#### [Instructions to follow]
With the pictures left out, retype exactly the lines below starting at the line that contains "Un adolescente mexicano" and ending at the line that contains "PRESENTACIÓN DEL LIBRO: Libramiento".
[Input material Boundary: Start]
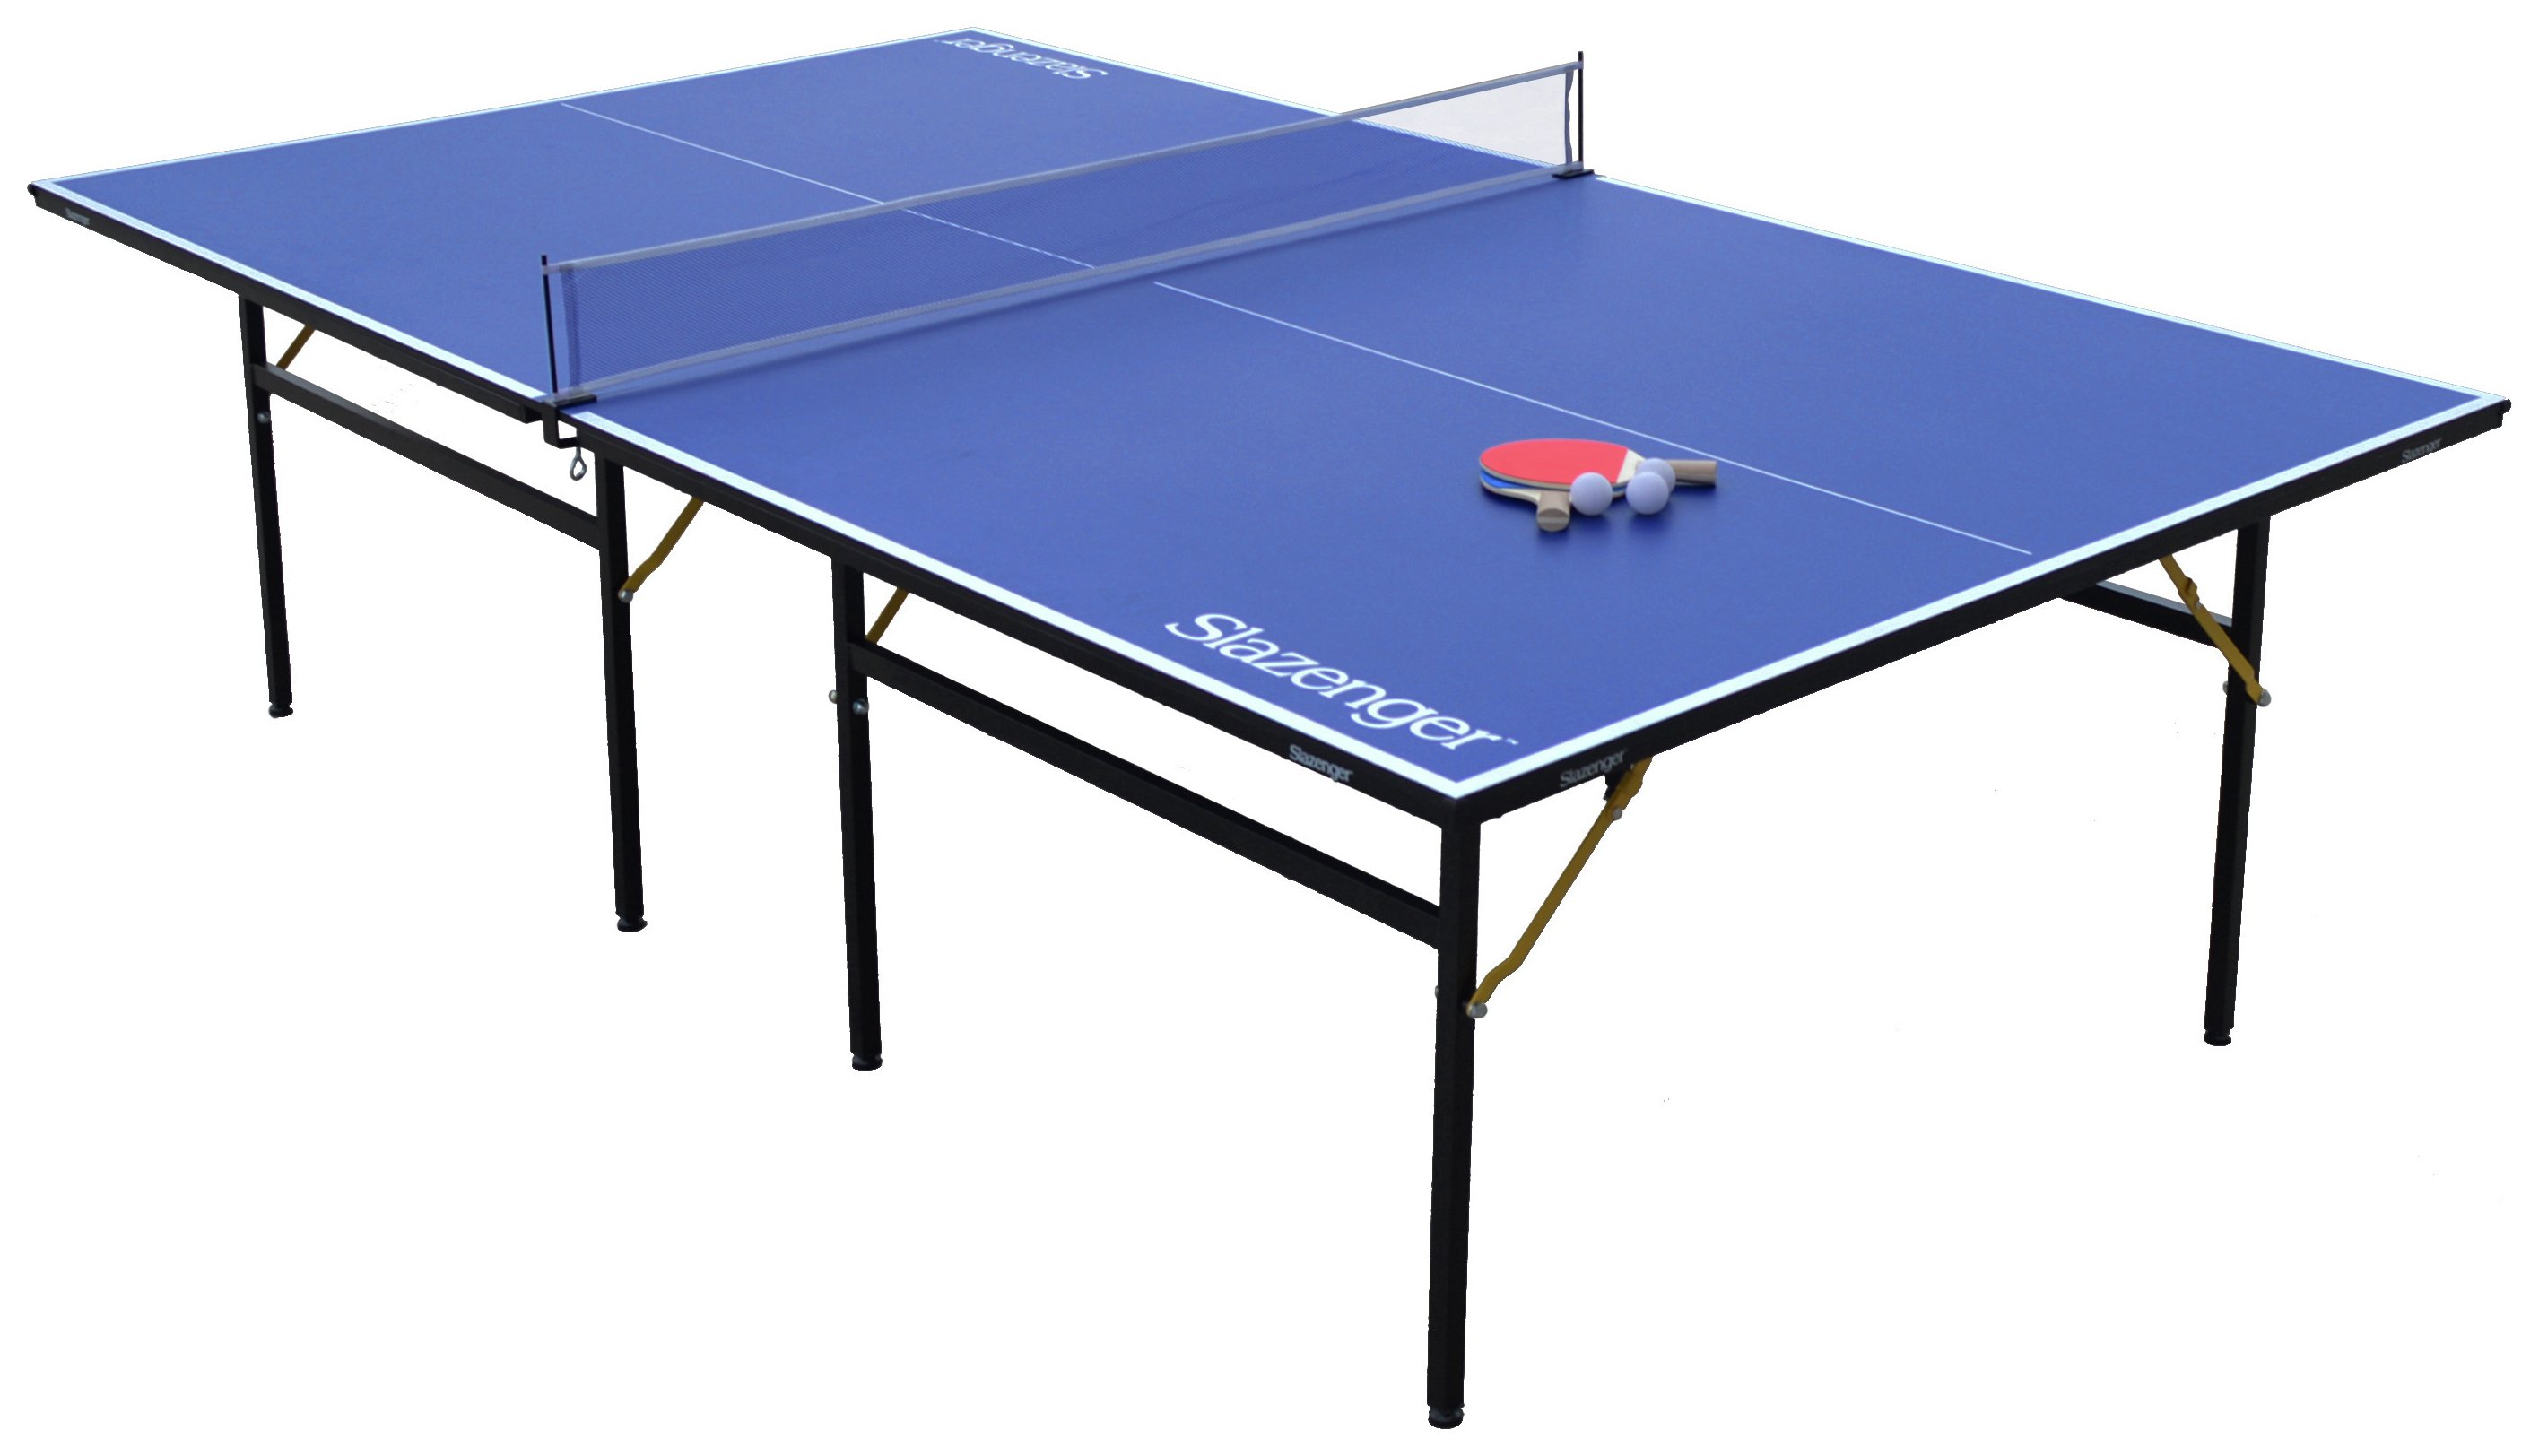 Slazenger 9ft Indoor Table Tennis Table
[Input material Boundary: End]
[Input material Boundary: Start]
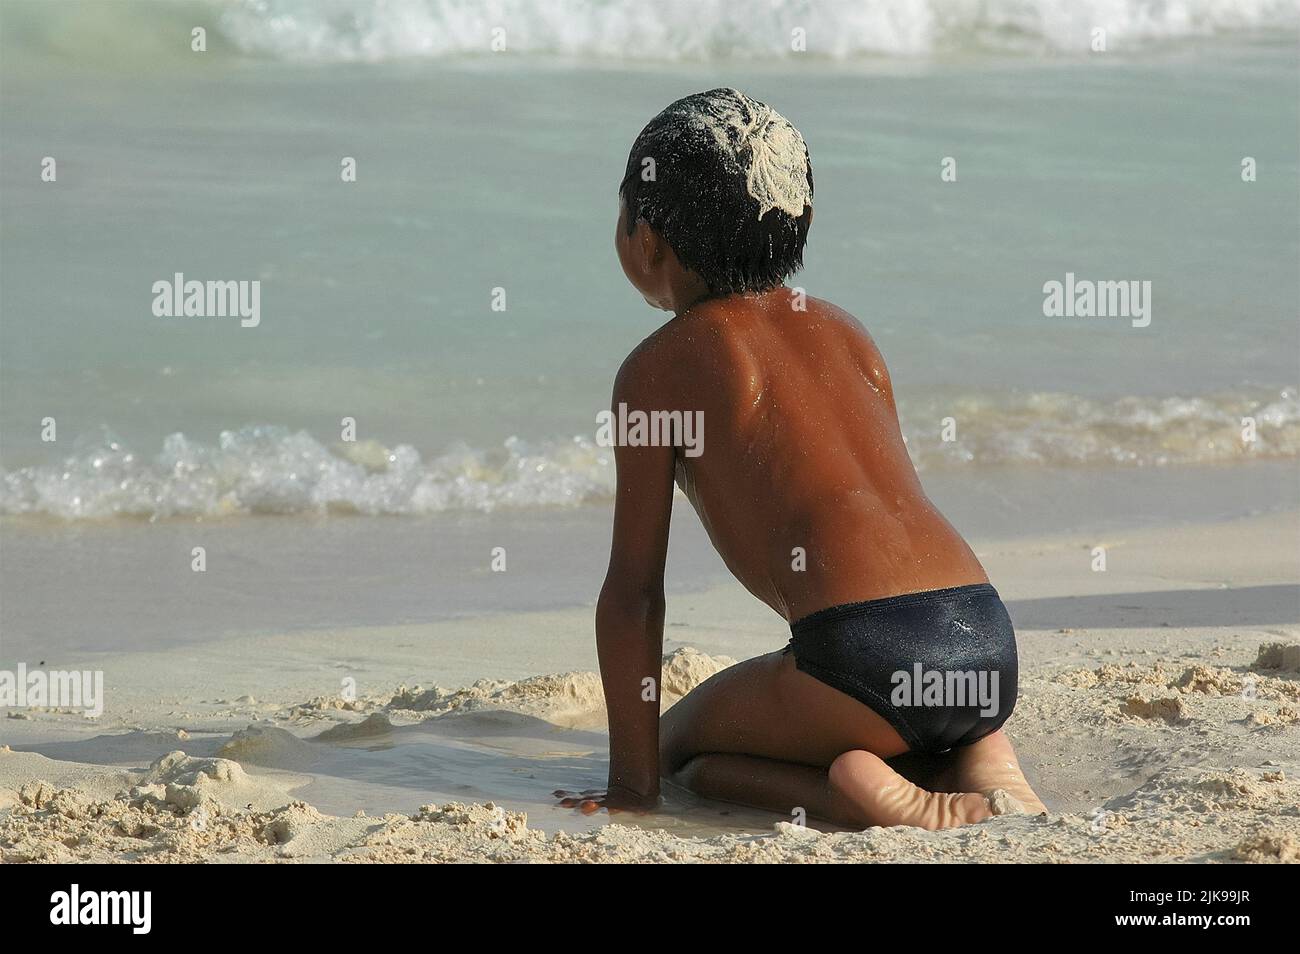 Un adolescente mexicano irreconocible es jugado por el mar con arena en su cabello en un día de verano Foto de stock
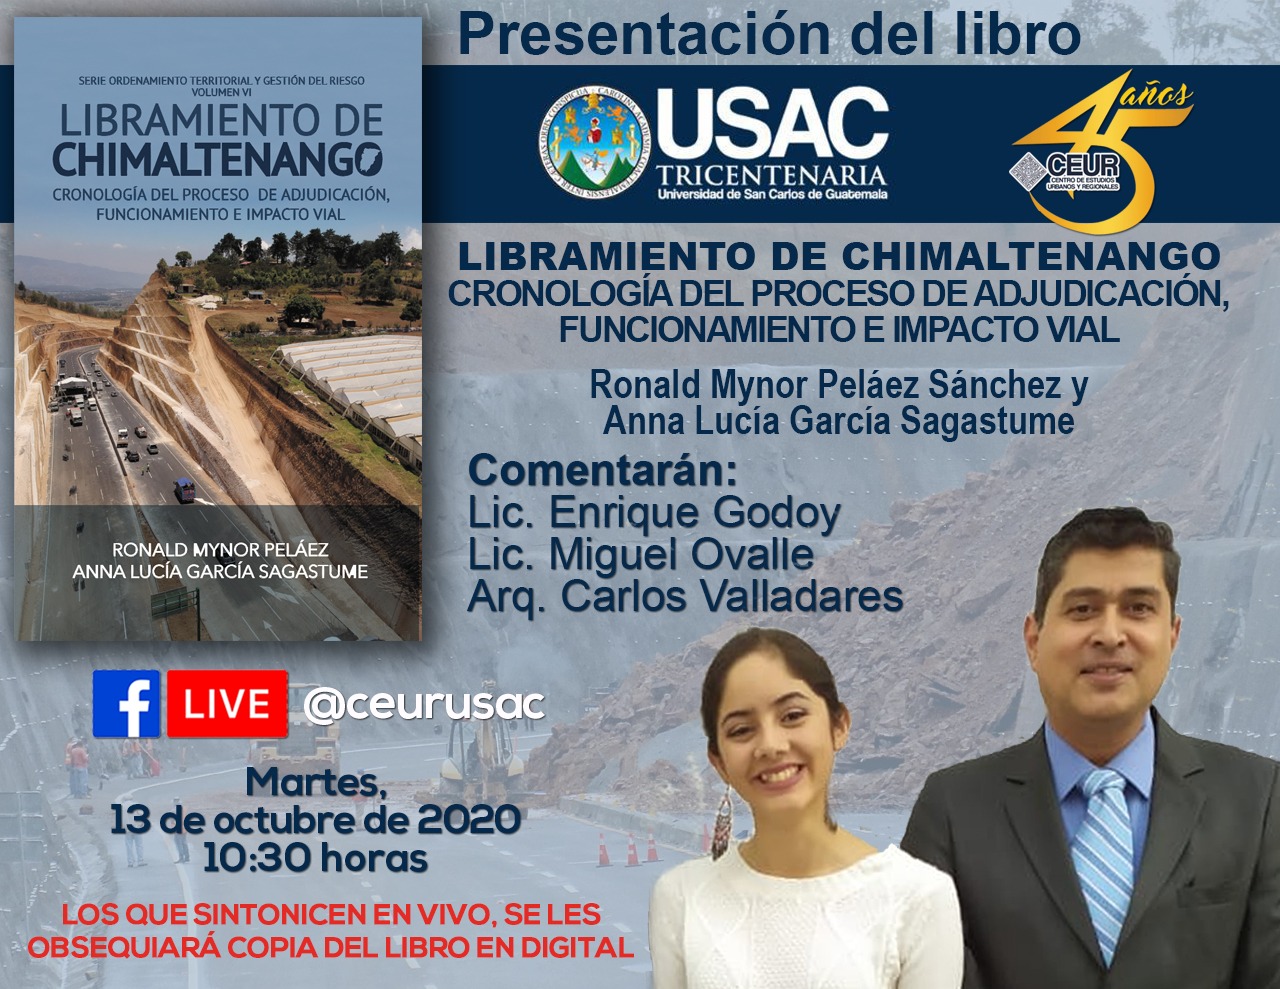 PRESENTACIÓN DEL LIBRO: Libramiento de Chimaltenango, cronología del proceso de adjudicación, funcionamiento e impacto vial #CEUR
[Input material Boundary: End]
[Input material Boundary: Start]
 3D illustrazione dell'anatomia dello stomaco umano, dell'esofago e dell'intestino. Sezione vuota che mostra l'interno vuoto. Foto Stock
[Input material Boundary: End]
#### [Written solution]
 Un adolescente mexicano irreconocible es jugado por el mar con arena en su cabello en un día de verano Foto de stock
 PRESENTACIÓN DEL LIBRO: Libramiento de Chimaltenango, cronología del proceso de adjudicación, funcionamiento e impacto vial #CEUR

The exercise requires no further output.